An Absolutely Ordinary Poetry Reader


I've been posting snippets of poetry on Facebook in an experimental attempt to inject some culture into the social network. It's been quite fun for me actually, scanning my school texts/anthologies and reading the scrawled marginalia of my adolescent self in all her conscientious earnestness (eg. On Keats' Ode on a Grecian Urn 'Tone: slow, quiet...Tension: immortality of the world on the urn, yet it's never lived...'). I think I went through a phase of trying to fit all the lecture notes in the margins of my poetry anthology. Good on my arts-student self; determined to do my bit to save the planet in truth and beauty.

But back to the poetry snippets. So far I've chosen bits from Dylan Thomas, Emily Dickinson, William Blake, WH Auden, Sylvia Plath, WB Yeats and Judith Wright. This next poem deserves a longer quote, so I thought I'd give it its own post:


An Absolutely Ordinary Rainbow - Les Murray

There's a fellow weeping down there. No one can stop him.

The man we surround, the man no one approaches
simply weeps, and does not cover it, weeps
not like a child, not like the wind, like a man
and does not declaim it, nor beat his breast, nor even
sob very loudly—yet the dignity of his weeping
holds us back from his space, the hollow he makes about him
in the midday light, in his pentagram of sorrow,
and uniforms back in the crowd who tried to seize him
stare out at him, and feel, with amazement, their minds
longing for tears as children for a rainbow.

Obviously, it's best read in it's entirety - check it out at http://www.lesmurray.org/pm_aor.htm
But you can feel the raw emotion and sense of place, hey? I think it's a brillliant poem; it tells a story, pulls you in and makes you question what you would've said/thought/done.

Admittedly, poetry is probably the least accessible form of literature - much easier to read a novel or even  a play. But I'm discovering so many gems in the pages of these poets (Did you know that the line 'The heart asks pleasure first' was first penned by Emily Dickinson?) The best poems are like word pictures; even better, they capture sights, sounds, smells, emotions. 
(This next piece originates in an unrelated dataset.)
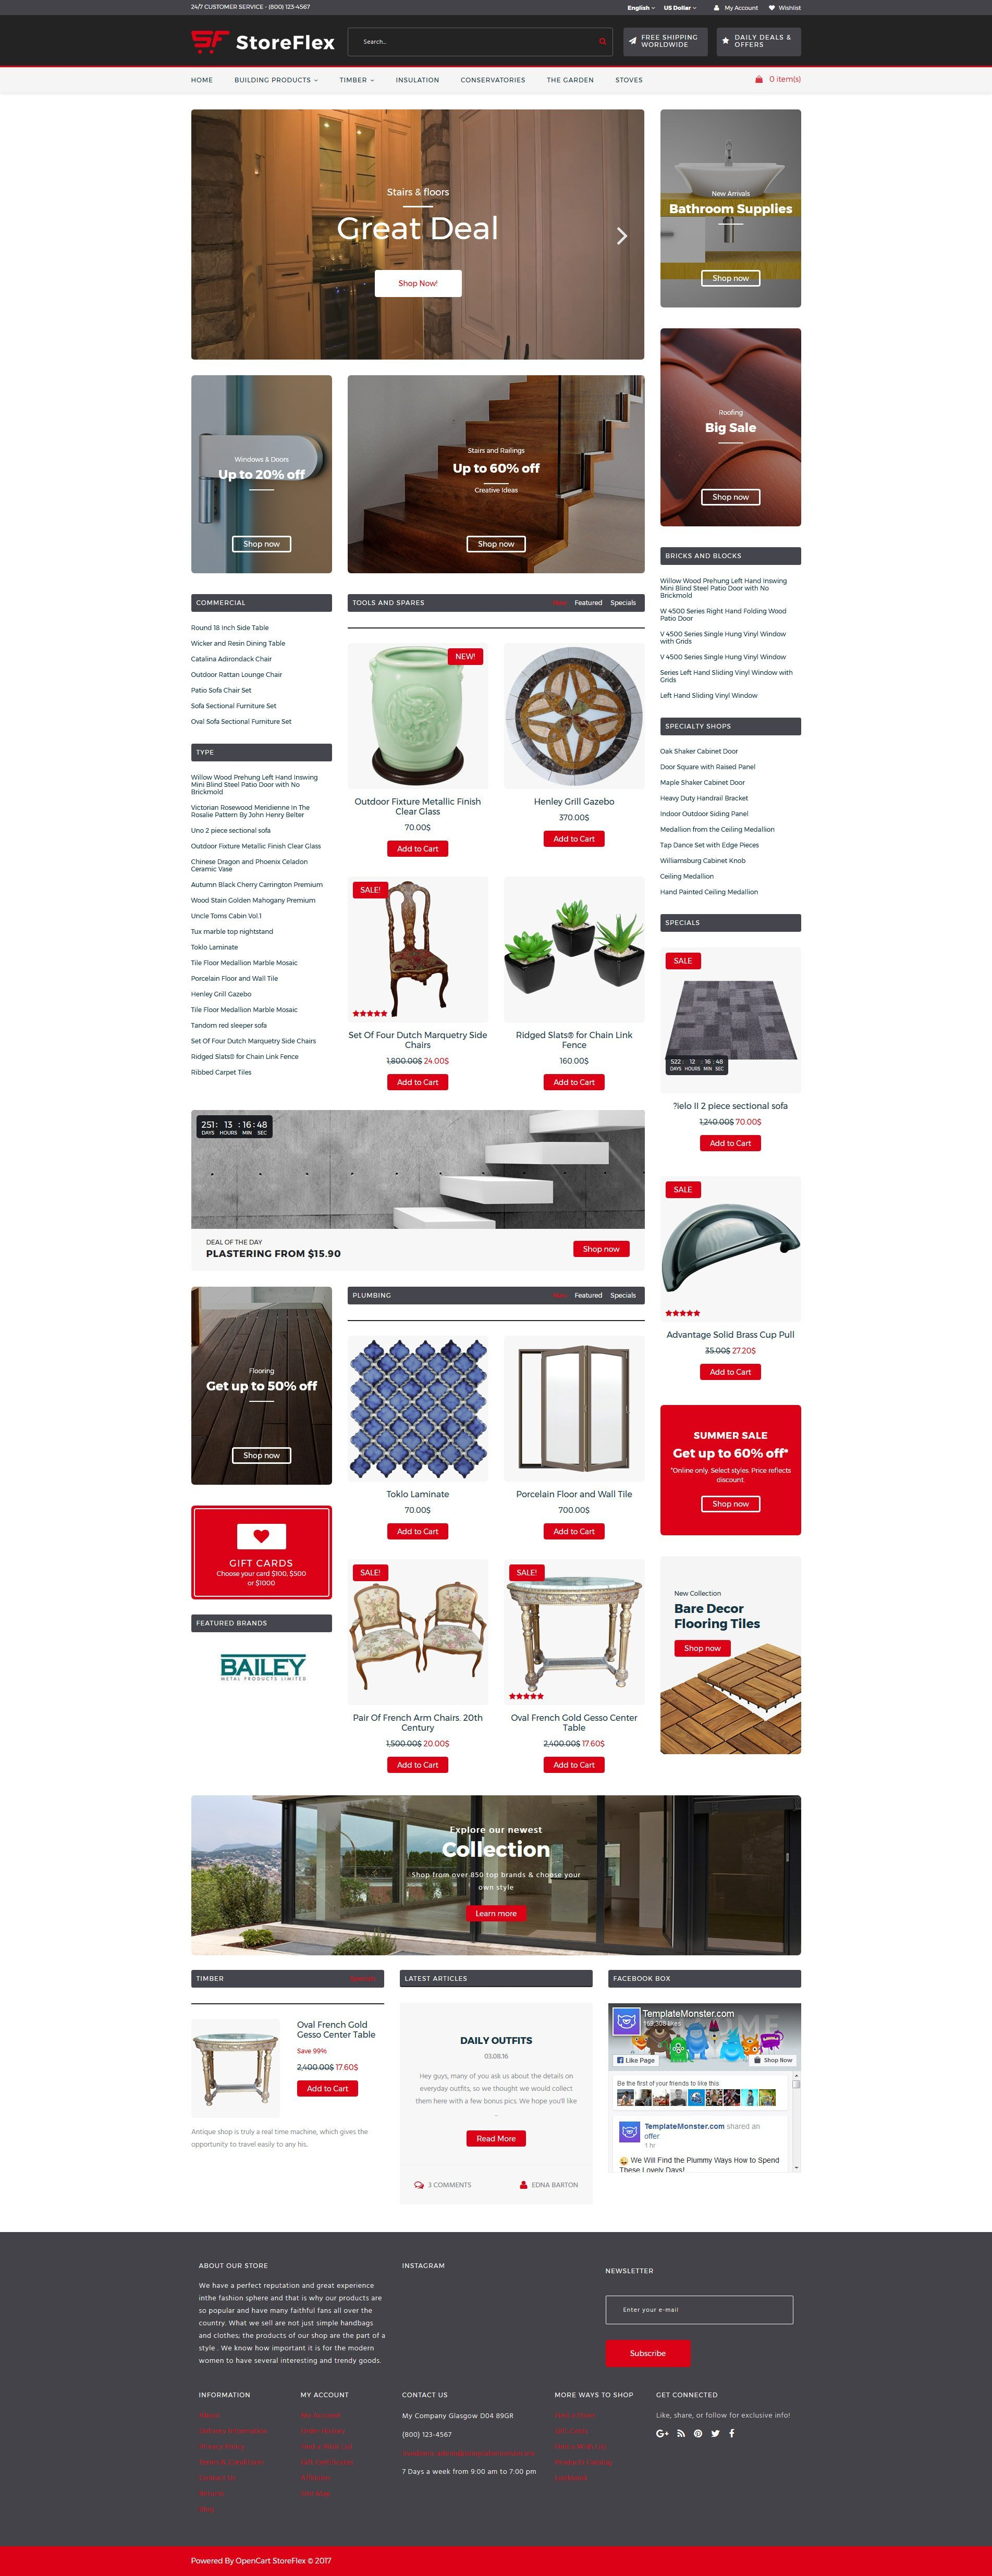 """StoreFlex - Building Materials Responsive"" 响应式OpenCart模板 #63567 - 截图"

So, hopefully I've inspired you to dust off your old 'Metaphysical poets' text or 'Norton Anthology of Poetry' and have another look at those poems that may bear more fruit for you now that you've lived a few more years on this dappled globe. Tip: most poems will make much more sense if you read them aloud and slowly.

Looking forward to bookgroup this month, where we all pick a poet and get to 'present' them to the group... Yeah, I know, I need to go back to torturing high school students soon or my bookgroup may have an uprising, Arab Spring style.
Meantime, what's your favourite poet/ poem?